## DATA BELOW
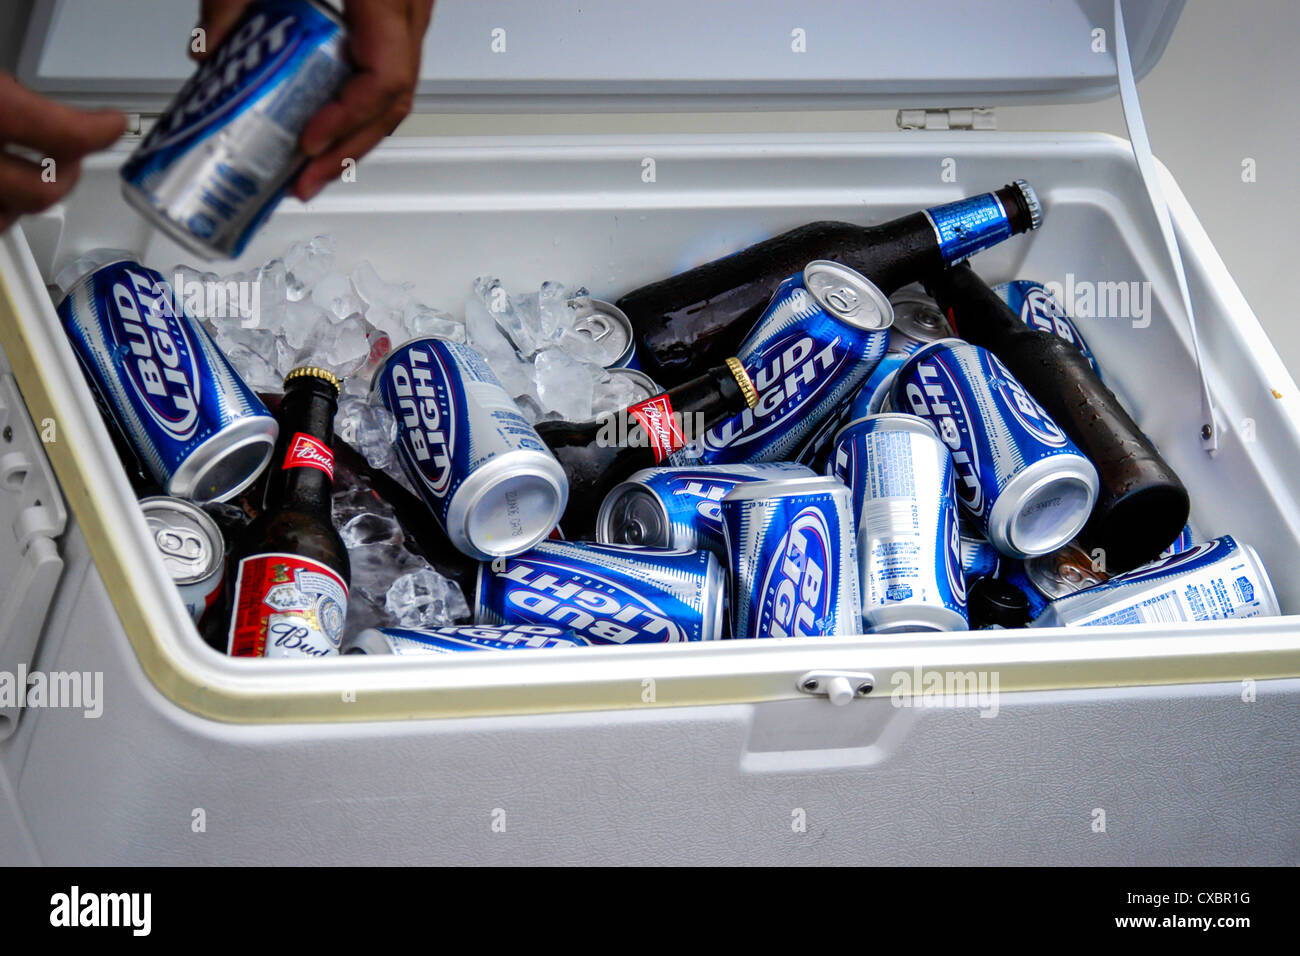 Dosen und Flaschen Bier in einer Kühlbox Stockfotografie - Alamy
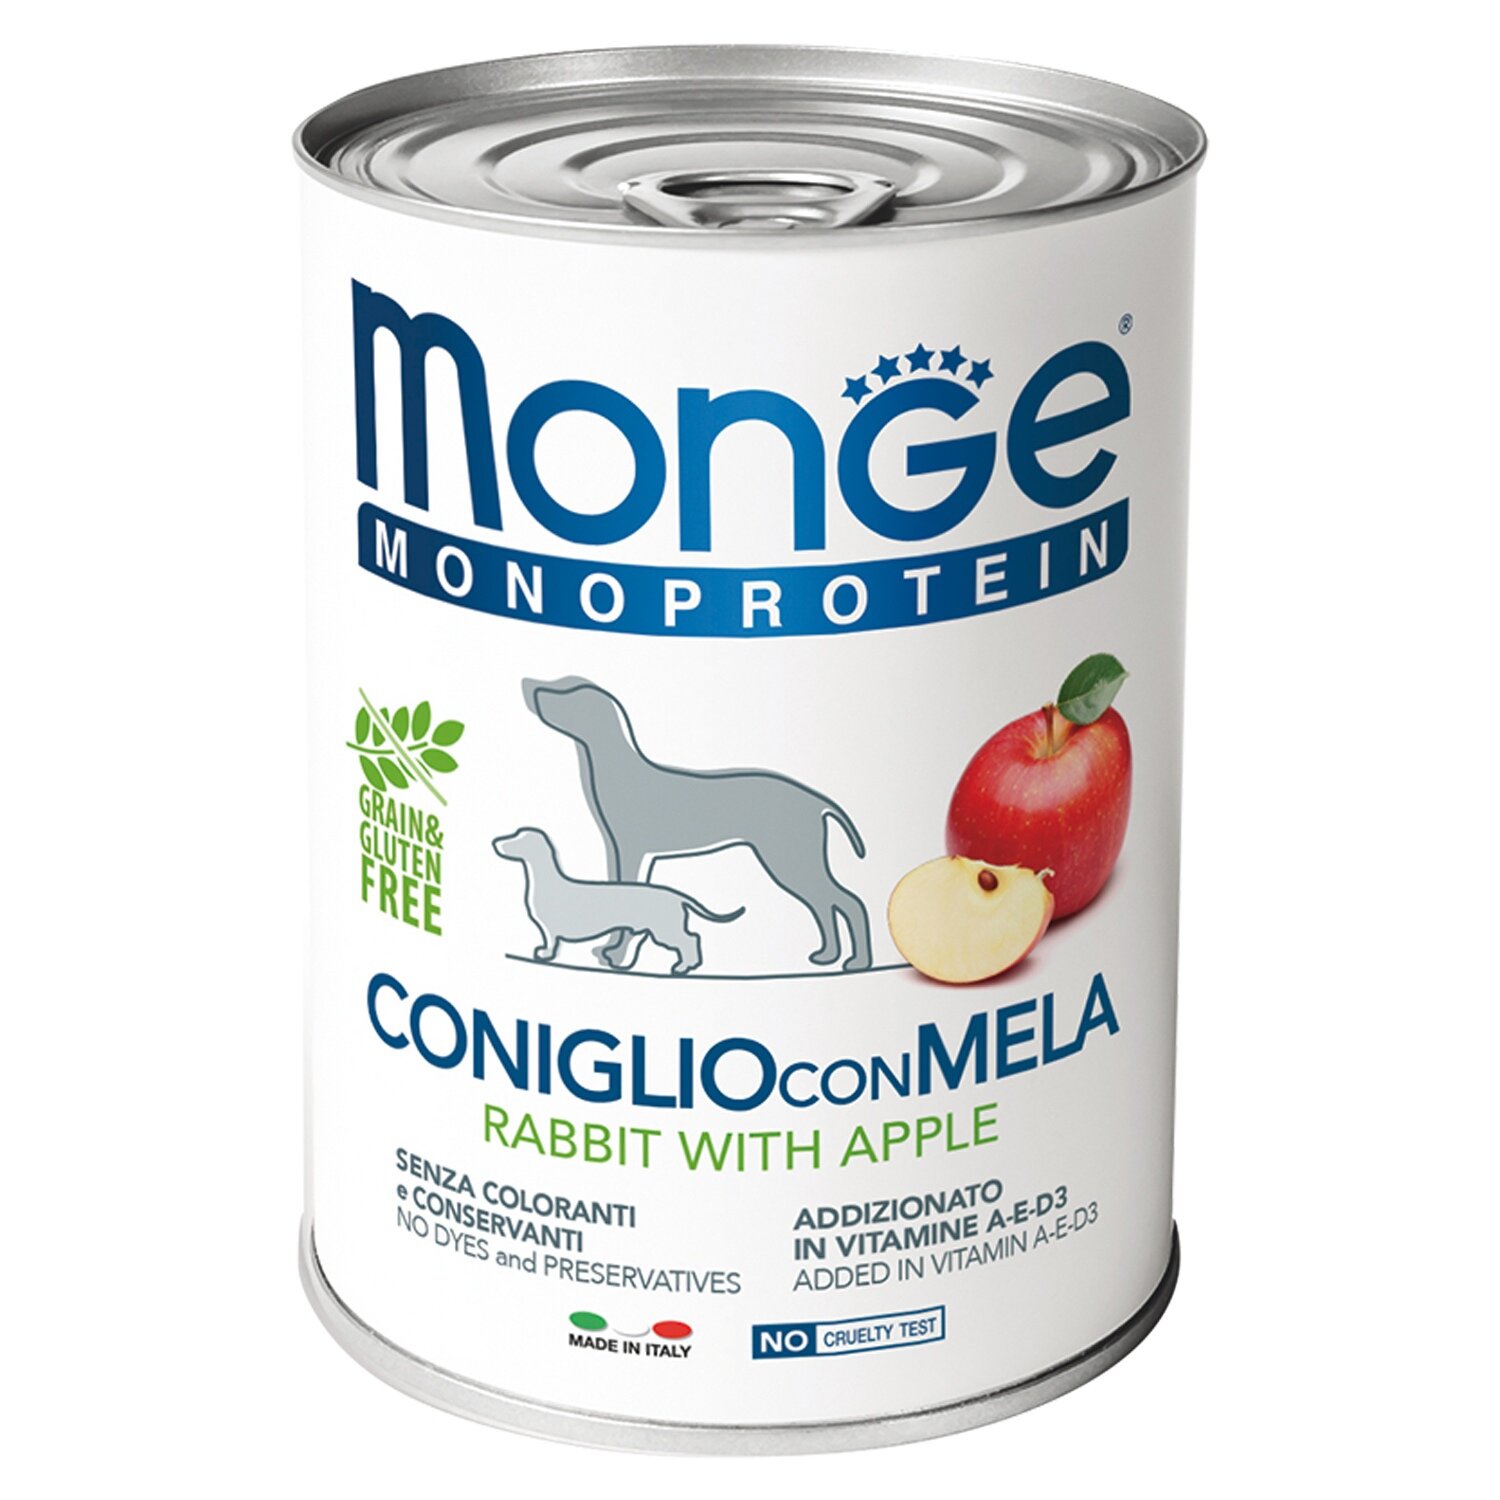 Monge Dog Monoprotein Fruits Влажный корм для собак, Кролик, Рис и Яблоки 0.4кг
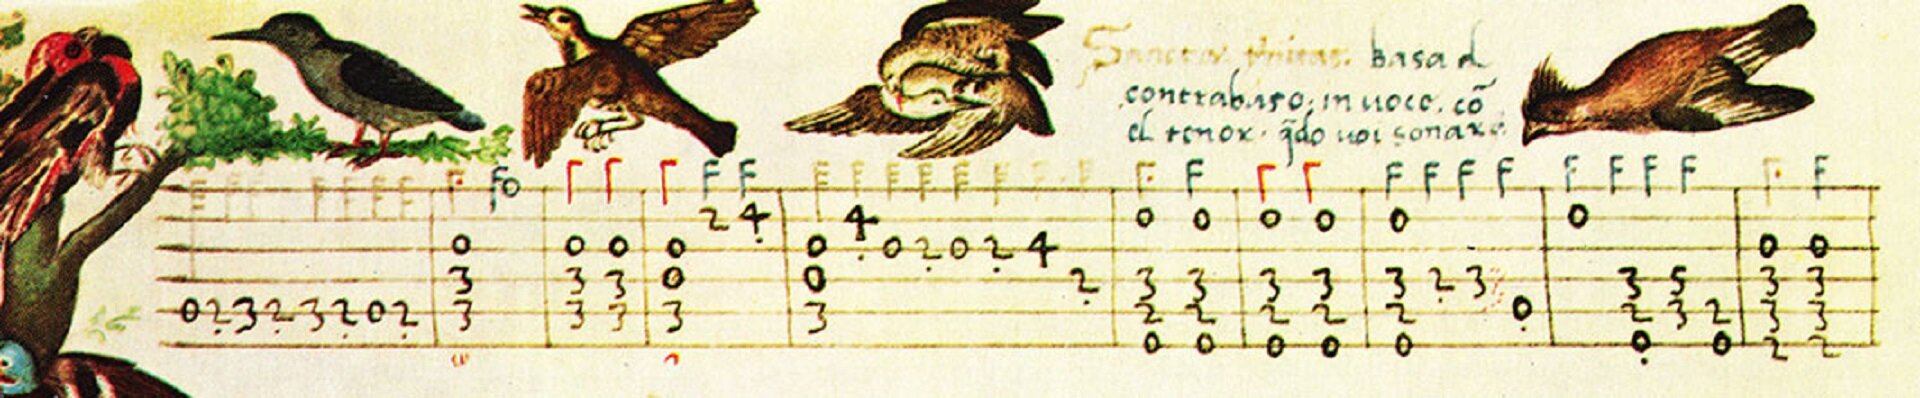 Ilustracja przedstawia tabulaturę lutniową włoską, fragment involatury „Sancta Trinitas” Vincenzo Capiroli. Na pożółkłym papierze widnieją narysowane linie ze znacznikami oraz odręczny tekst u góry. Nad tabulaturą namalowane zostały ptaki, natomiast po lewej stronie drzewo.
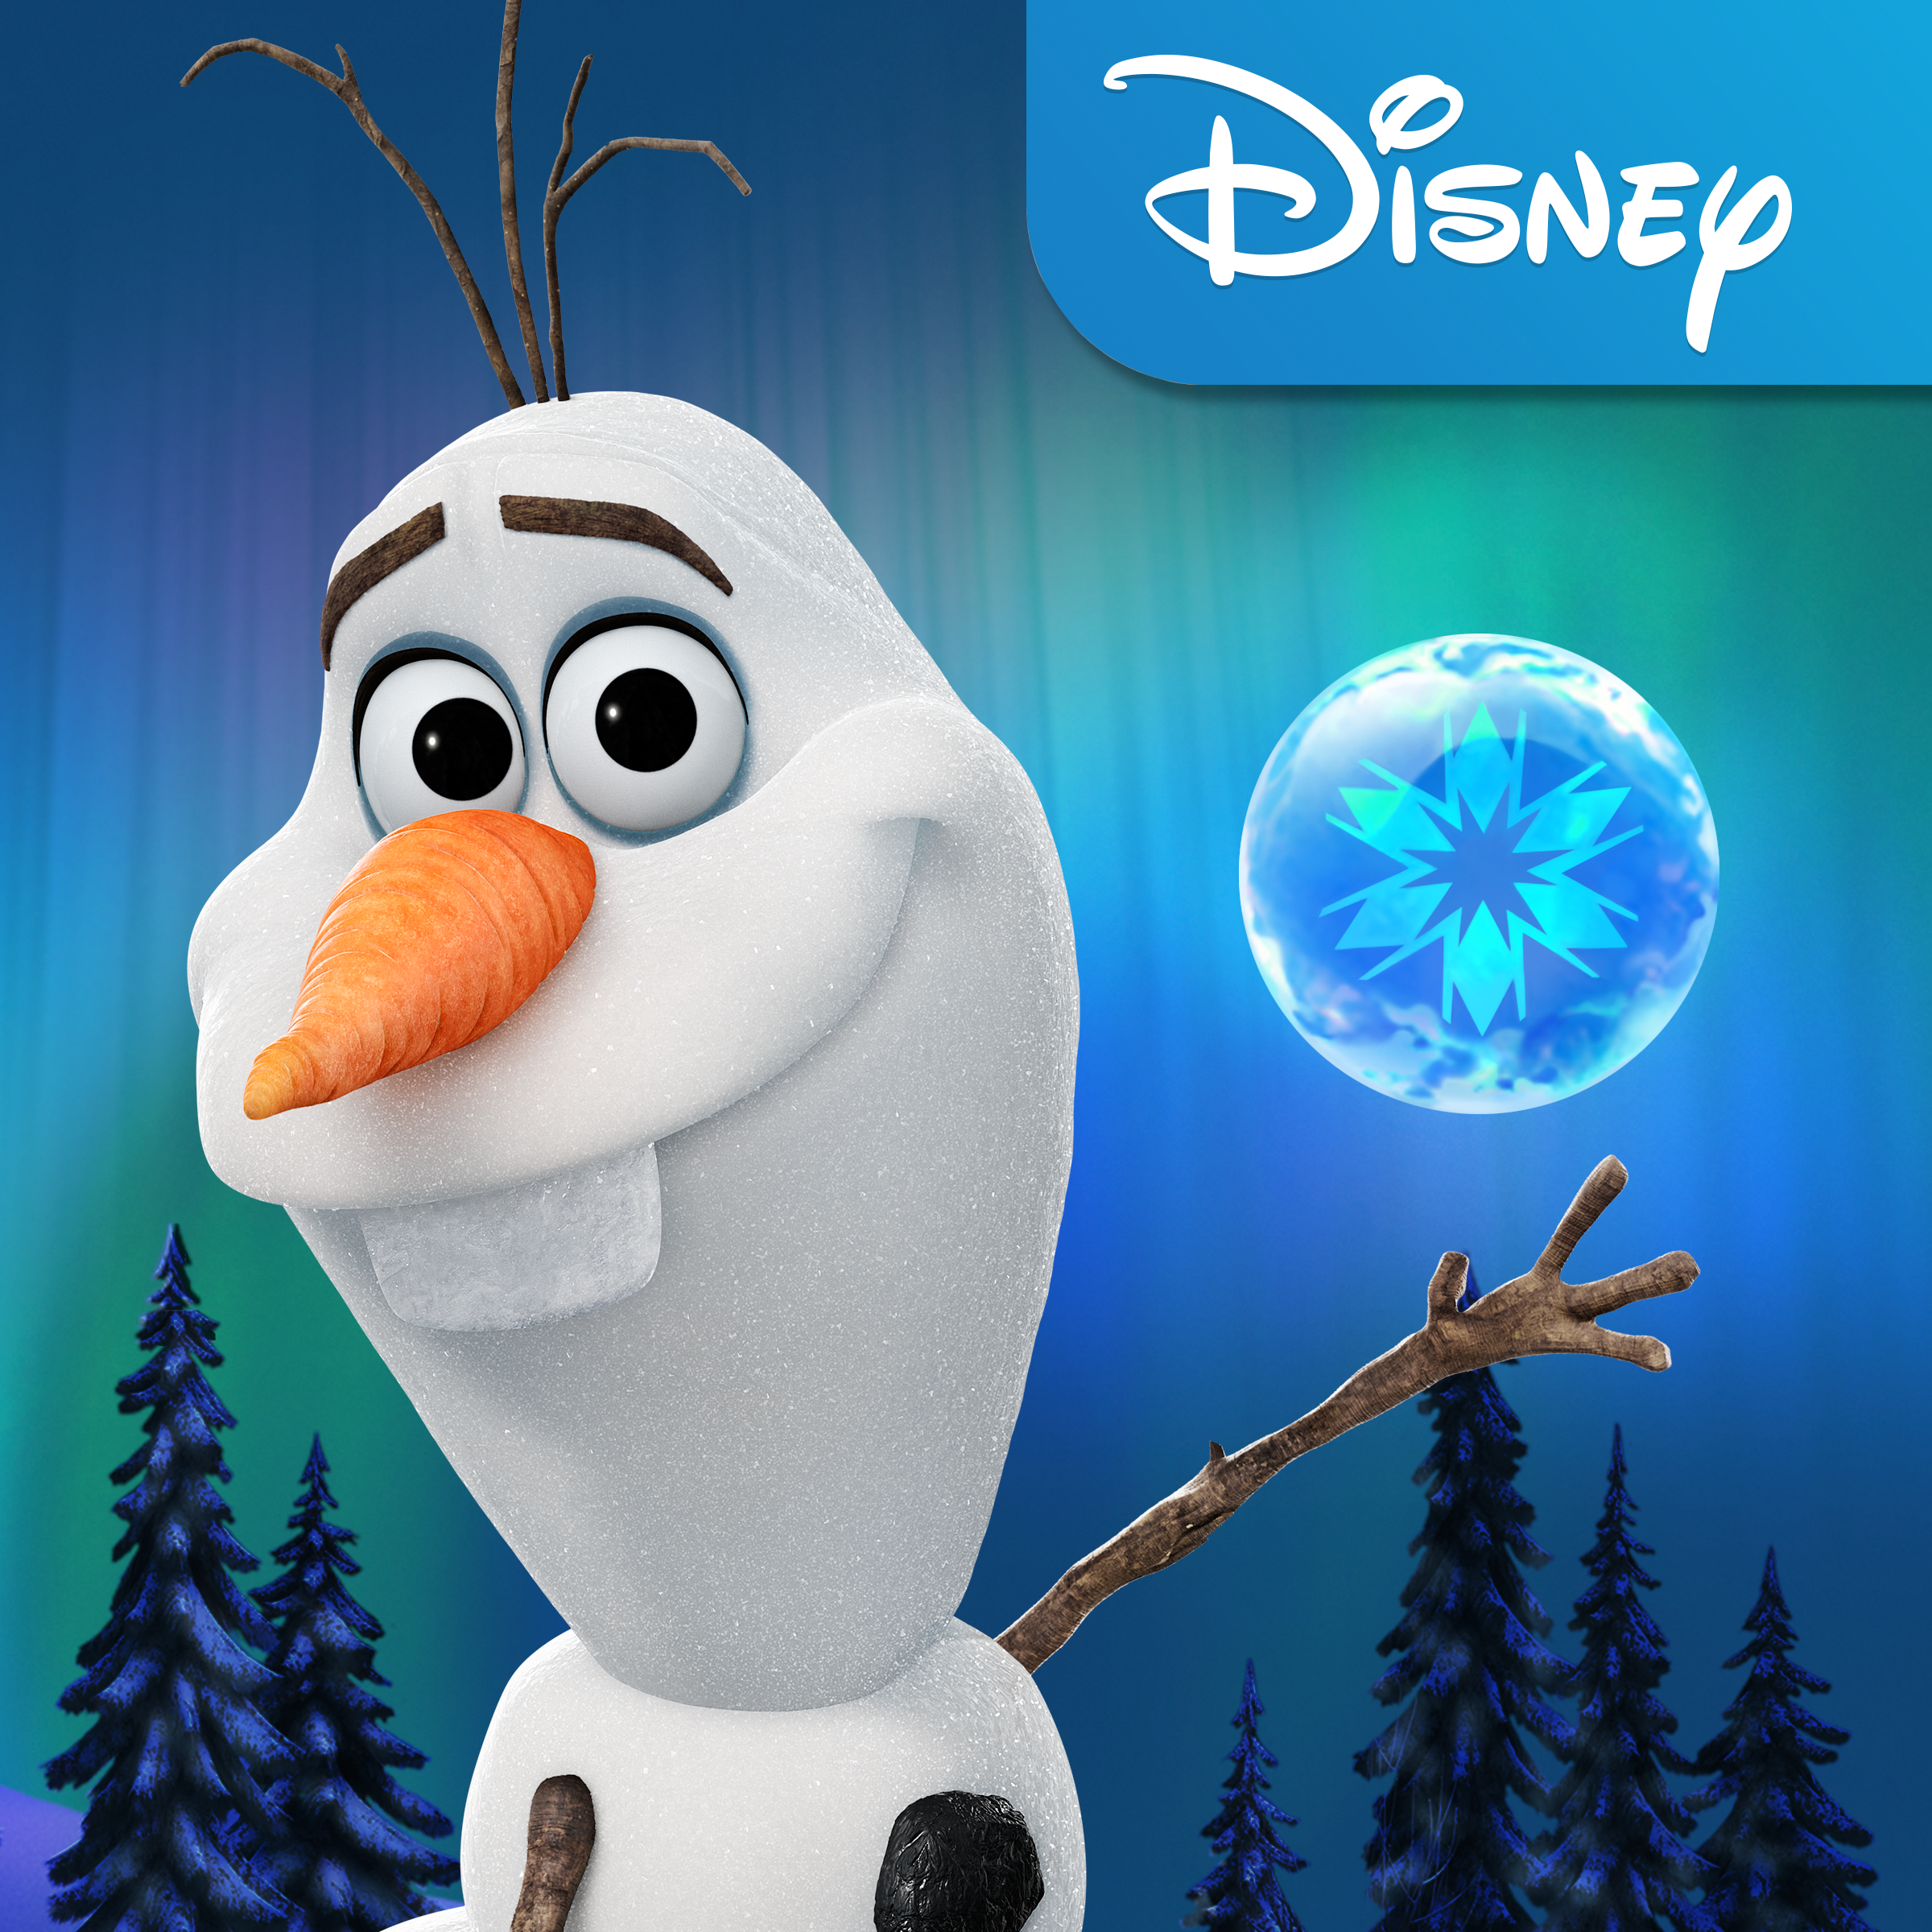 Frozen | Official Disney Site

## ABOUT THIS TASK
None of the pictures should appear; copy the rest of the material above exactly.

## TASK SOLUTION
 Dosen und Flaschen Bier in einer Kühlbox Stockfotografie - Alamy
 Monge Dog Monoprotein Fruits Влажный корм для собак, Кролик, Рис и Яблоки 0.4кг
 Ilustracja przedstawia tabulaturę lutniową włoską, fragment involatury „Sancta Trinitas” Vincenzo Capiroli. Na pożółkłym papierze widnieją narysowane linie ze znacznikami oraz odręczny tekst u góry. Nad tabulaturą namalowane zostały ptaki, natomiast po lewej stronie drzewo.
 Frozen | Official Disney Site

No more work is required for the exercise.